Audiences hold their breath whenever Mr. Biden speaks. “I want to thank the prime minister for Colombia’s leadership,” he said last week in Cambodia. Days earlier he mentioned Russian forces “pulling back from Fallujah,” which was a flashback to the Iraq war. Last month he said Democrats campaigning during 2018 “went to 54 states”—which is two more states than even progressives want to create.
Modern politicians practically live on TV, and they all goof, but that defense only goes so far. Barack Obama said in 2008 he’d campaigned “in 57 states.” George W. Bush’s verbal slips are easy to misunderestimate. But Mr. Biden is obviously showing his age, and anyone who doubts it should watch 10 minutes of his aggressive 2012 vice presidential debate with Paul Ryan.
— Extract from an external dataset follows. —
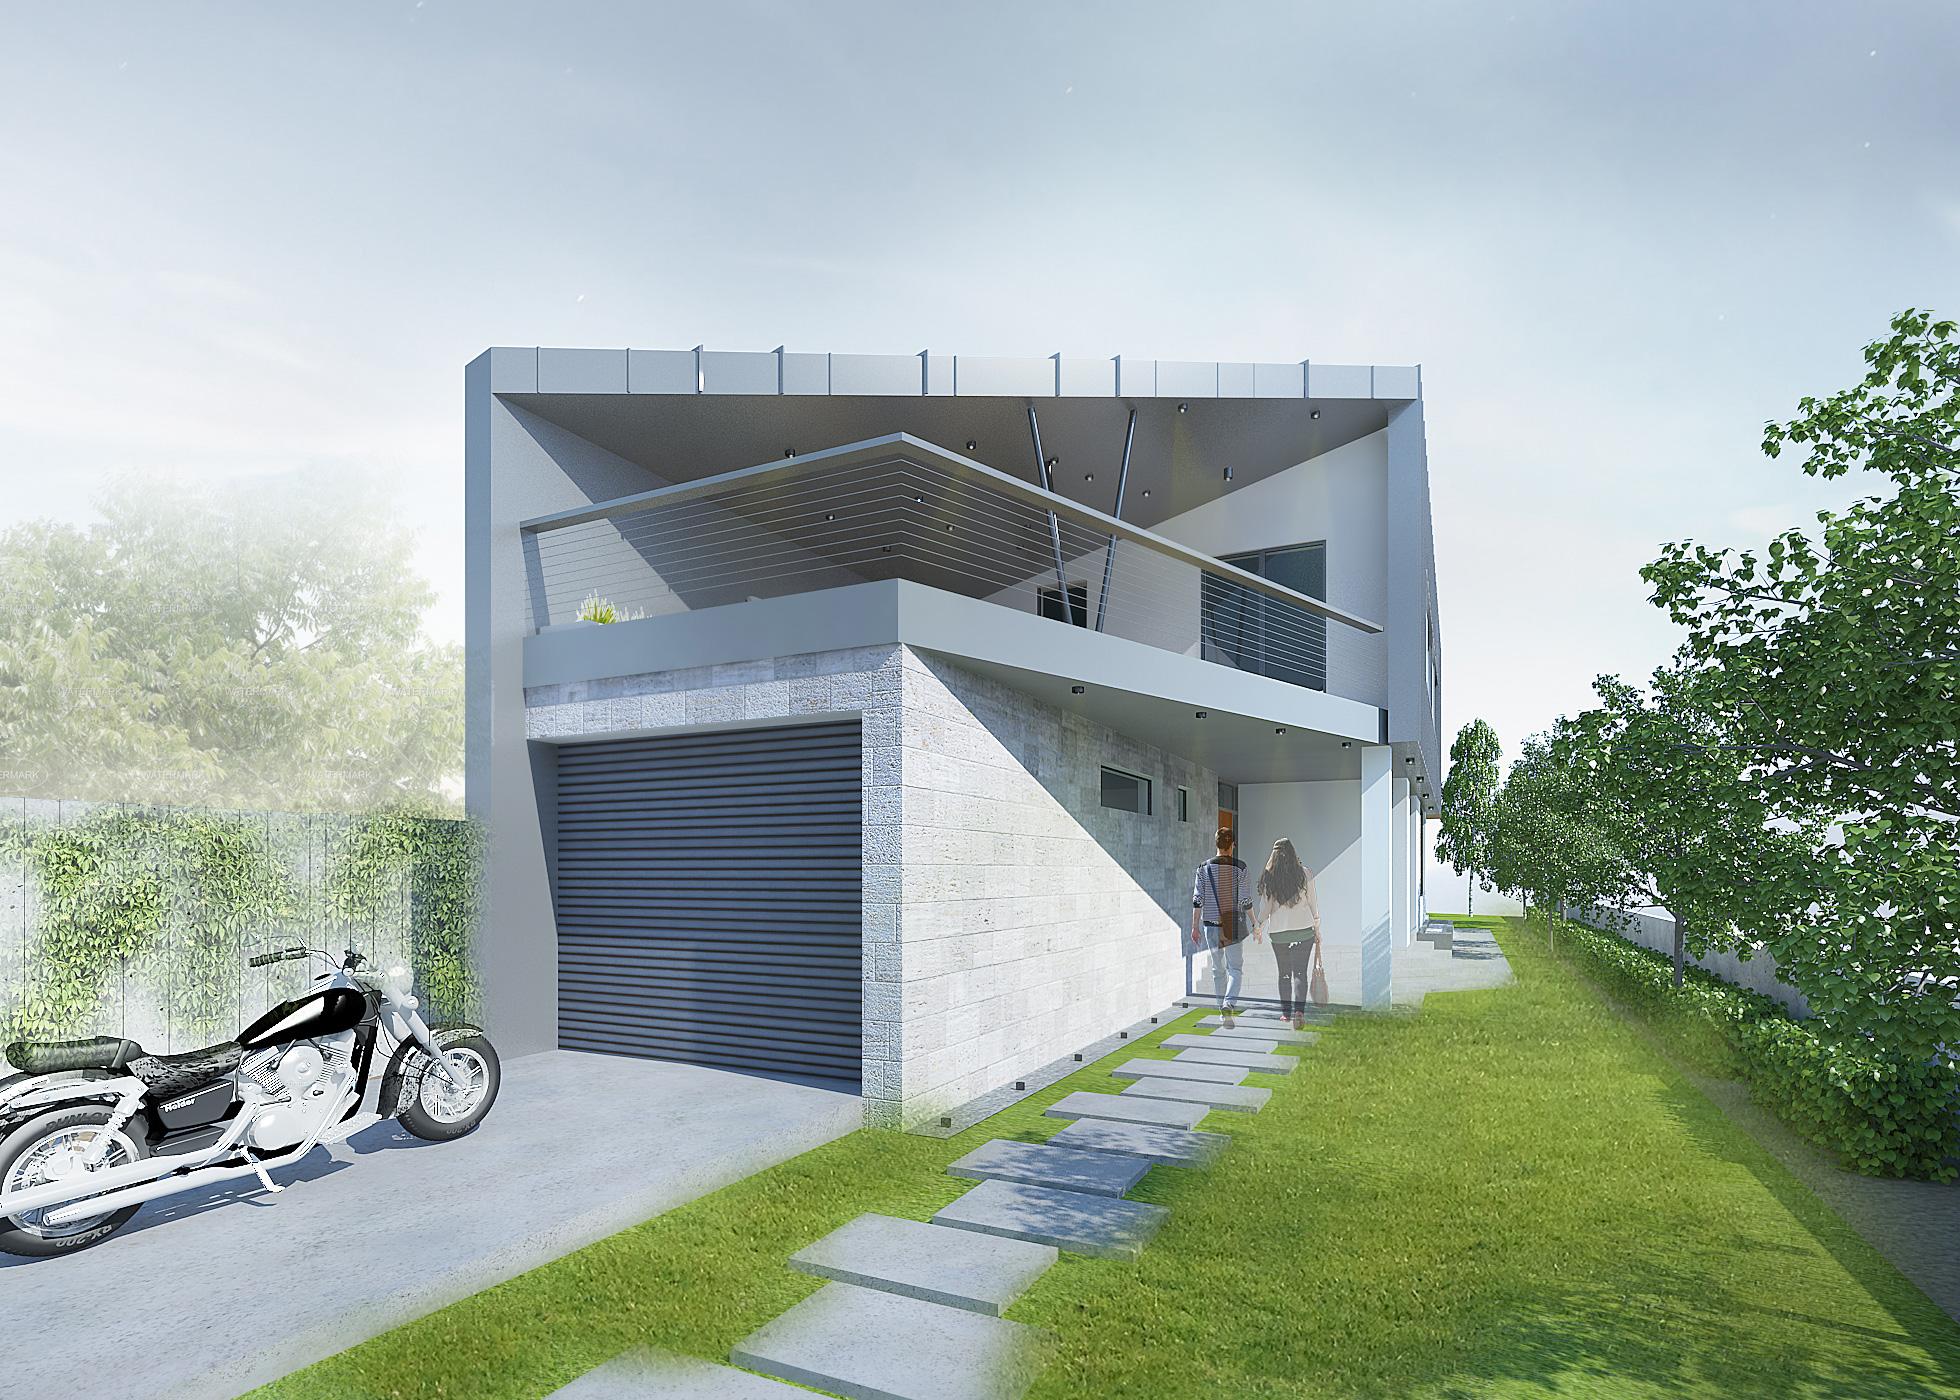 casa-motociclist-01

During the 2020 campaign, Mr. Biden was protected by the media. Now he’s being protected by the White House. But there is no way to shield a President when he sits down, one on one, with China’s Xi Jinping or Russia’s Vladimir Putin. The world is entering a dangerous period, with rogues on the march. “If I were just 80 years old,” Jimmy Carter said at age 94, “I don’t believe I could undertake the duties I experienced when I was President.”
Mr. Biden might think he has no choice but to run in 2024, because Donald Trump is doing it, and Democrats have no obvious popular successor. In part that’s Mr. Biden’s fault. He picked his Vice President for the wrong reasons, based on identity politics. Kamala Harris’s approval rating is 40%, worse than Mr. Biden’s or Mr. Trump’s. If Mr. Biden opts to retire, the Democratic primary will probably be a free for all, with Ms. Harris merely one contender.
But that would be politically healthy. The GOP appears set in 2024 for a vigorous argument about whether Mr. Trump, who’s now 76, should get another shot at the White House. Democrats need a similar debate about Mr. Biden.
The 1960 election was a generational shift, when John F. Kennedy became the first President born in the 20th century. Ditto for 1992, when the Boomers shoved aside their elders who’d lived through World War II and the Great Depression. Maybe 2024 will be Gen X’s turn. Gavin Newsom is 55. Ron DeSantis is 44.
***
For all that has changed since the Psalmist, 80 is still old. Konrad Adenauer was West German chancellor until 87, but in unique circumstances, 1949-63. Two years from 2024, voters already are thinking about it. In a recent poll, 68% percent say Mr. Biden might not be up to another term, and 86% think the presidential cutoff should be 75 or younger. Mr. Biden is asking for political trouble if he ignores such numbers, and Democrats owe the country better than to try to coast with him into the sunset.